Gue memaki diri gue sendiri karena merasa gagal meninggalkan kesan pertama yang lakik! Nggak maksud gue normal sama nih cogan satu. Jujur aja, gue itu hombreng. Sukanya yang menggantung dan tentu saja cairan kental berwarna putih. Tapi walaupun begitu gue nggak pernah sekalipun mengalami ataupun merasakan hal homogen selama 5 tahun terakhir. Karena apa? Ya tentu aja nggak ada yang mau karena gue jelek! Sialan, gue nggak mau nyalahin gen orangtua gue, karena sekalipun gue nggak pernah melihat wujud mereka. Tapi melihat diri gue di kaca, sepertinya gue bisa bayangin muka mereka berdua kayak gimana.

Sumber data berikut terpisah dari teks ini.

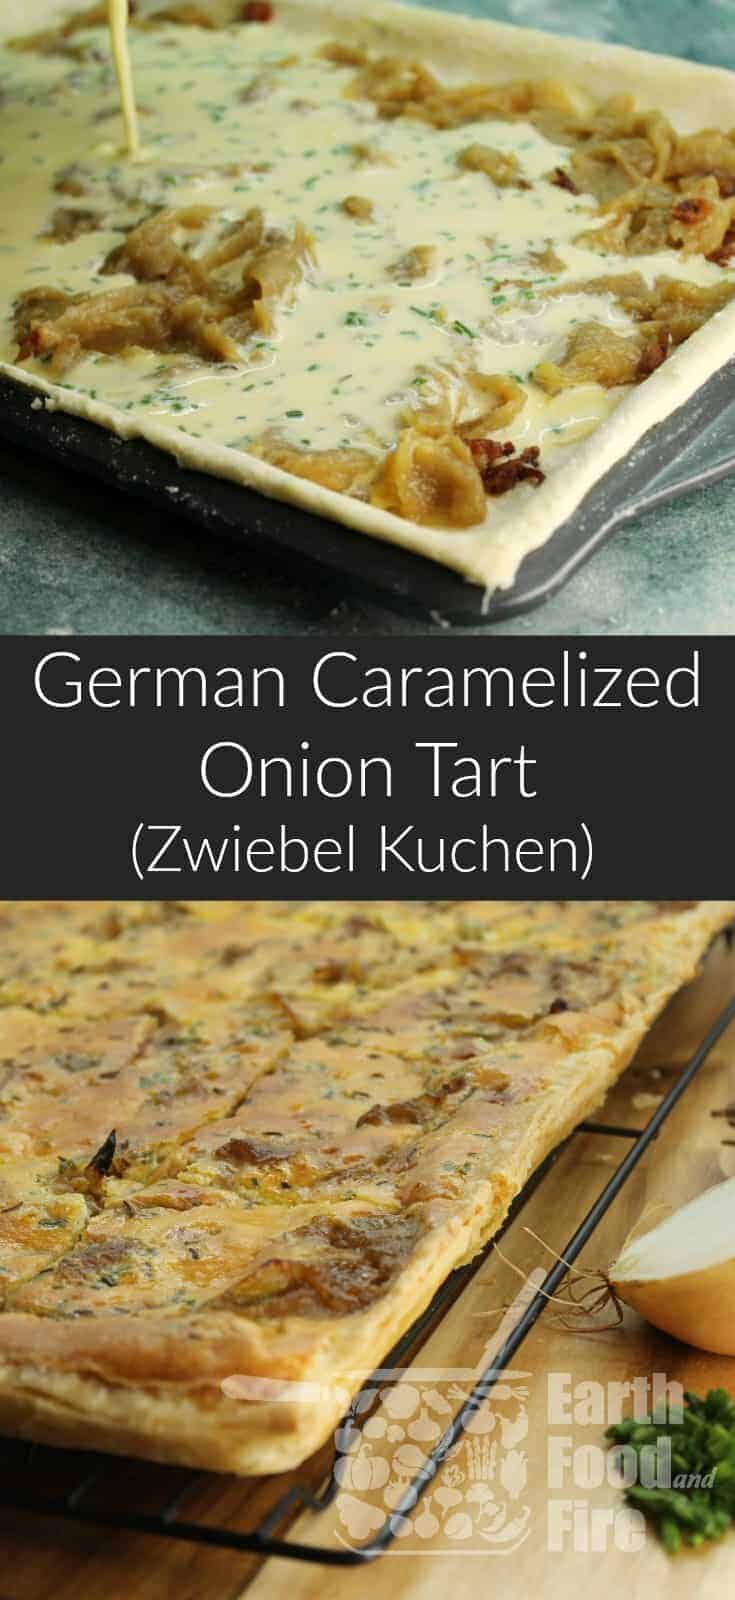 German Caramelized Onion Tart - Zwiebel Kuchen - Earth, Food, and Fire

"Gue Reza. Gue boleh duduk disini?" tanyanya ramah dan nggak lupa sama senyum simpulnya.

Gue menatapnya sebentar lalu berpikir antara menerima atau enggak. Sekilas gue mendengar bisik dari bangku belakang gue yang nyuruh gue terima aja tanpa ribet. Tapi gue nggak mau semudah itu, apalagi saat otak gue terngiang-ngiang dengan kalimat 'Nggak apa jelek yang penting sombong' membuat gue berpikir kenapa kalo gue mungkin bisa melakukan apa yang di maksud kalimat.

Iya juga ya, kenapa nggak? Nggak ada peduli ini kok kalo gue sombong! Yang penting jelek! Eh?

Jadi dengan begitu, gue dengan pasti menatapnya terus menjawab, "Nggak." balas gue.

"Loh, kenapa?" tanyanya lagi dengan kepala di miringin buat natap gue yang lagi setengah menunduk karena nggak kuat liat mukanya.

Dia mendekat ke arah gue lalu mata kami bertemu satu sama lain, dan saat itu terjadi dia mengedipkan matanya beberapa kali dengan gerakan imut yang tak tertahankan. RIP jantung gue!

Gue langsung menjauhkan muka gue darinya lalu menyenderkan punggung gue ke dinding, lalu setelah itu gue melihat kesamping berusaha untuk nggak melihatnya.

"Oke, lo boleh duduk di situ. Tapi dengan satu syarat!"

"Apa?" gue menoleh kembali ke arahnya dengan menahan napas agar jantung gue nggak kenapa-kenapa.

"Jangan deketin muka lo kayak tadi!" ujar gue. Lalu segera kembali beralih darinya.

"Kenapa?"

Seandainya gue ganteng juga, udah gue pastiin gue ajakin gelut bibir nih orang. Banyak tanya banget! Sue.

"Nggak usah tanya, gue nggak mau jawab!" balas gue.

"Tapi lo barusan jawab." balasnya balik.

Gue mengigit bibir bawah gue menahan emosi, sambil menyebut nama binantang satu persatu dalem hati.

Okeyy, nih cowok bakalan bahaya bagi gue. Fix!